Eli laughed as he put the truck in gear and began rolling away from the property. “I think I’d file the mention of the couch as a complaint, wouldn’t you, Boone?”

Boone shook his head. “Come on, Eli. Is that any way to treat our poor baby brother’s martyrdom? The man has been suffering.”

Ash groaned. “All right. I can see how this little trip is going to go. You two get to be assholes, and I get to take it.” But a smile tugged at his lips. Before Eli’s little family reunion, it had been years since the three Murphy brothers were in the same place, and even then it was at one of Ash’s shows, so how much did that count? Before that? Ash was pretty much a kid. And though he’d never have admitted it then, he loved when his older brothers messed with him because it made him part of their world, a world for which he was always just a little too young or a little too na?ve.

“Exactly,” Boone replied. “I’m glad you understand the group dynamic.”
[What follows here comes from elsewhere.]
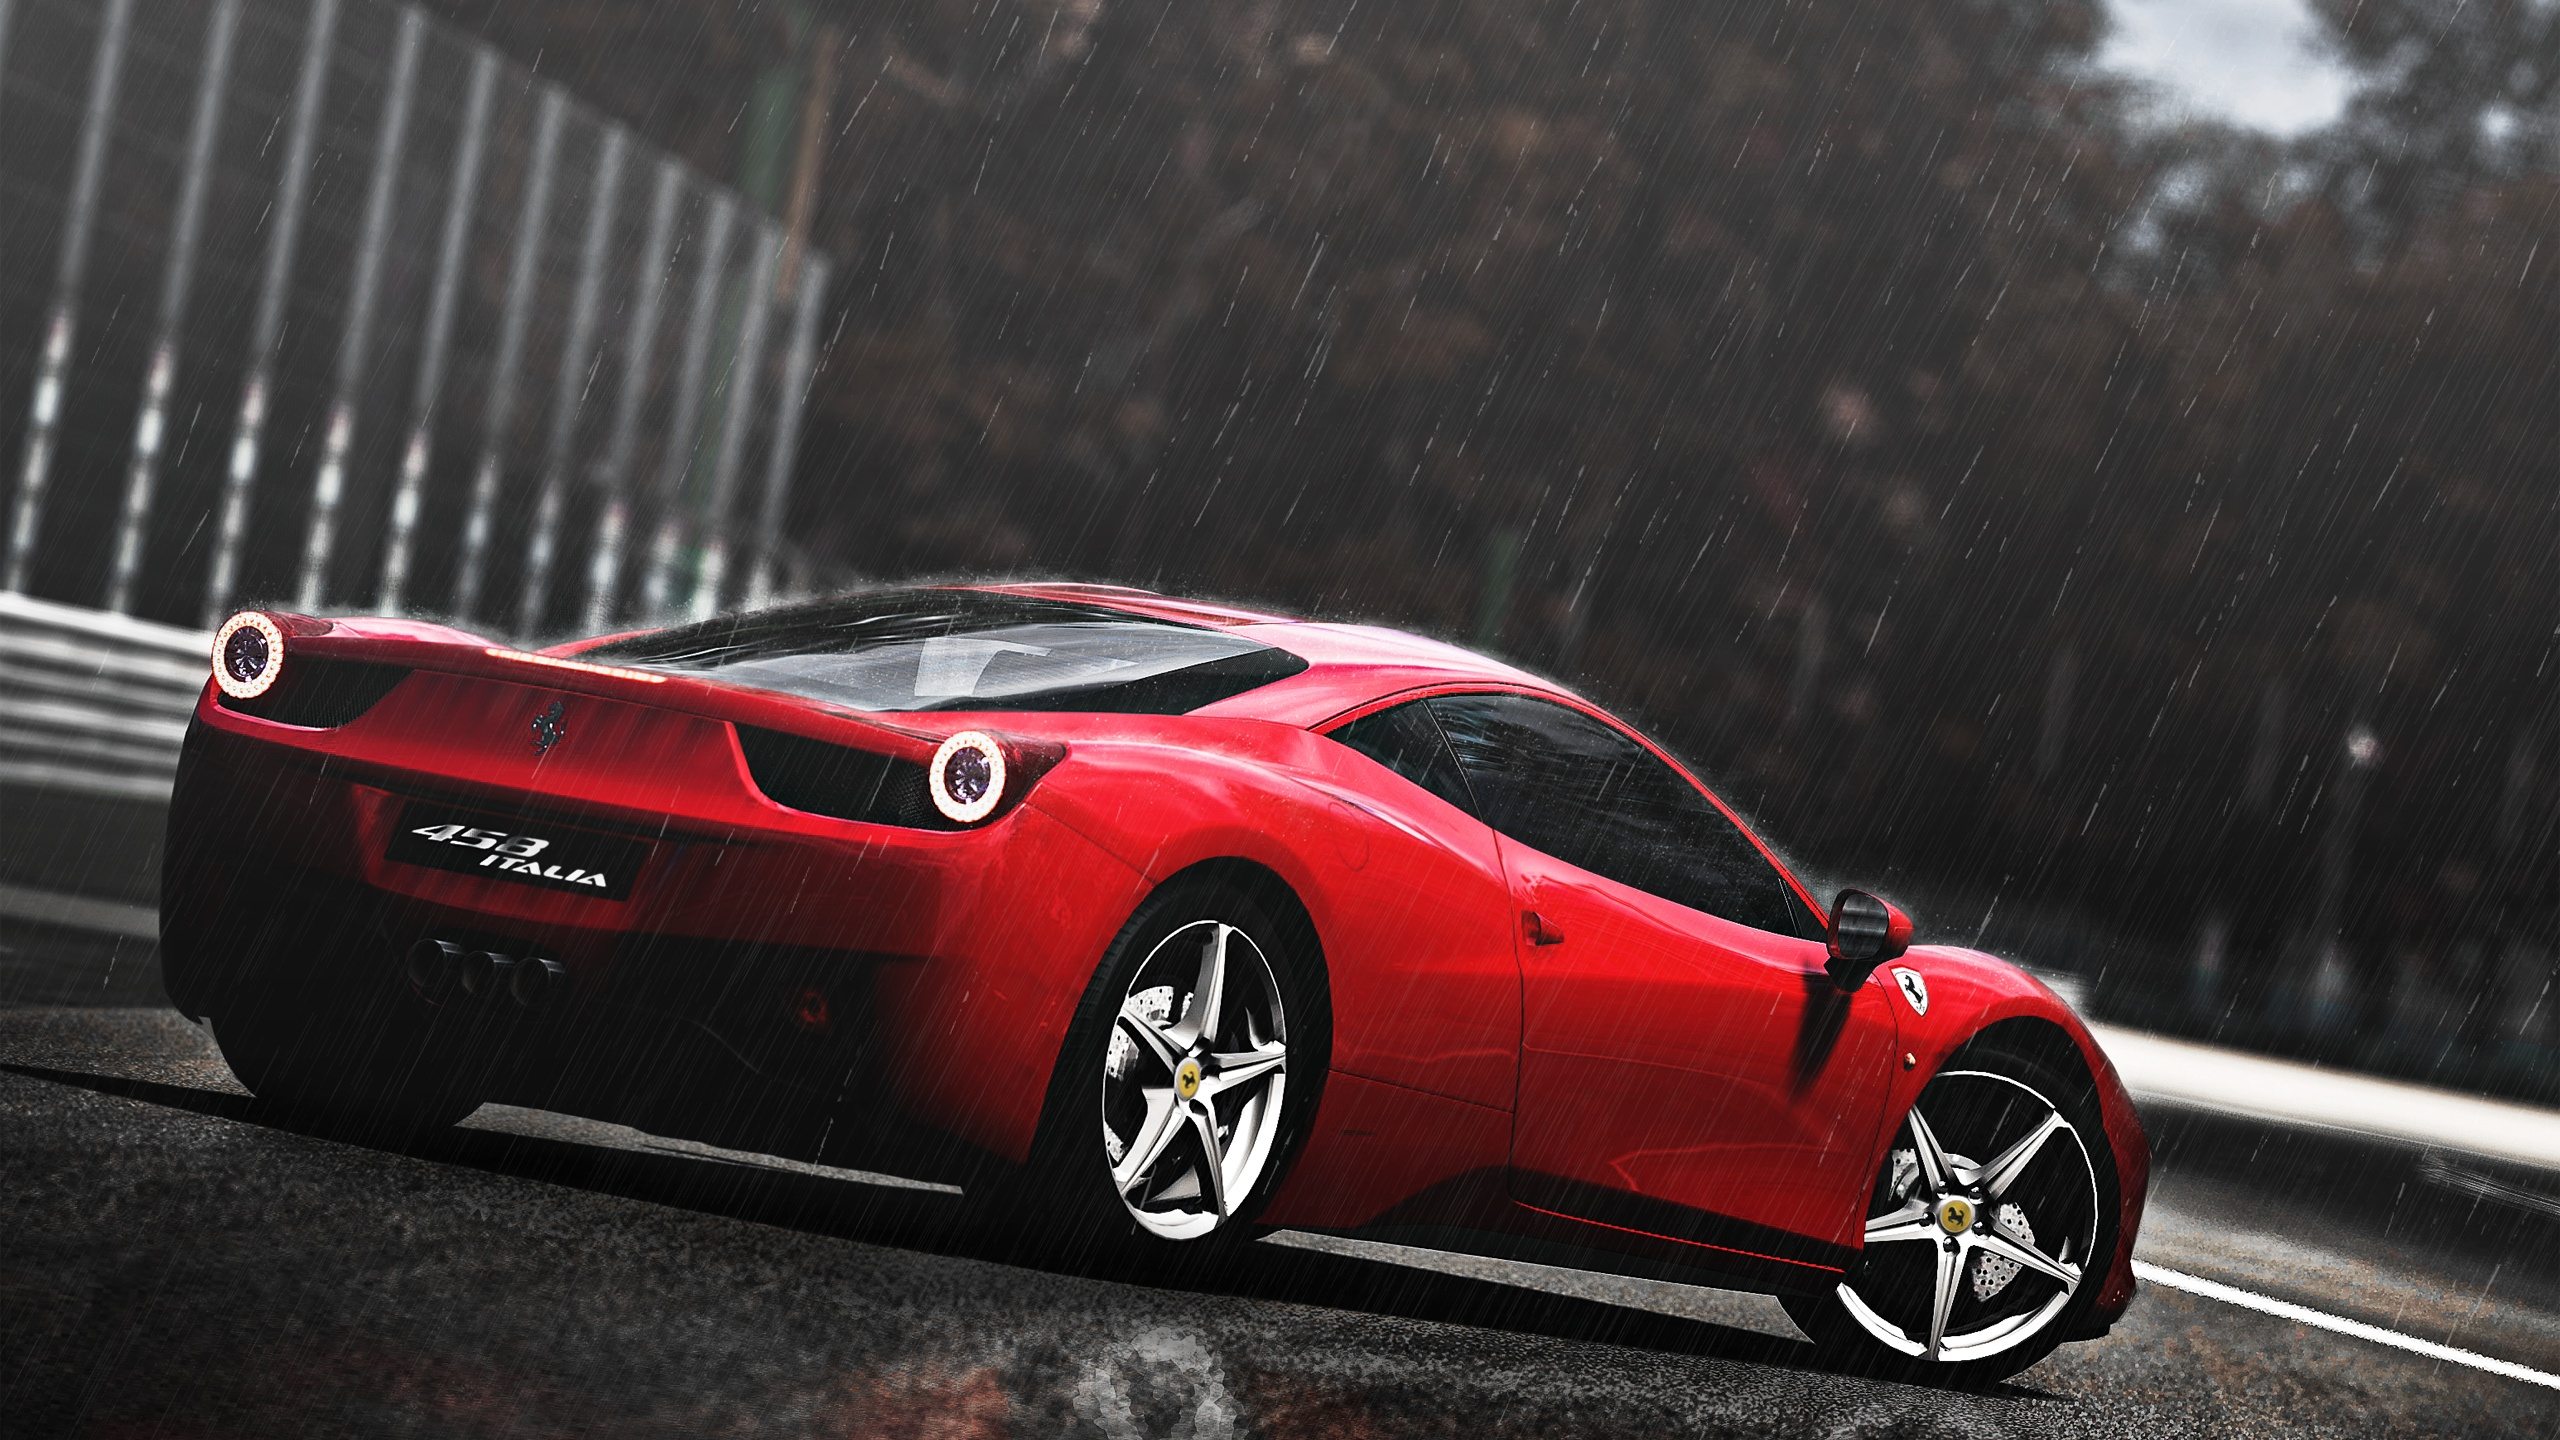 Download Ferrari 458 Wallpaper 37612 2560x1440 Px High Definition

They all sat in what felt like their first comfortable silence as they made their way out of their small hometown and toward the state highway. Then Eli turned on the radio, and the ribbing started all over again when they landed on a station playing none other than an Ash Murphy song.

“Nope,” he declared, leaning forward and reaching for the station presets. “Not happening,” he continued, then pressed button after button until he found an alternative rock station that had no chance of tossing one of his records on. From there on out, it didn’t matter what song blared through the speakers because in his head he started to hear it—the melody for his and Willow’s duet.

That was a good sign, right? It all was… Time with his brothers, bringing two more horses back to the ranch, and the song—no…his life —finally starting to take shape.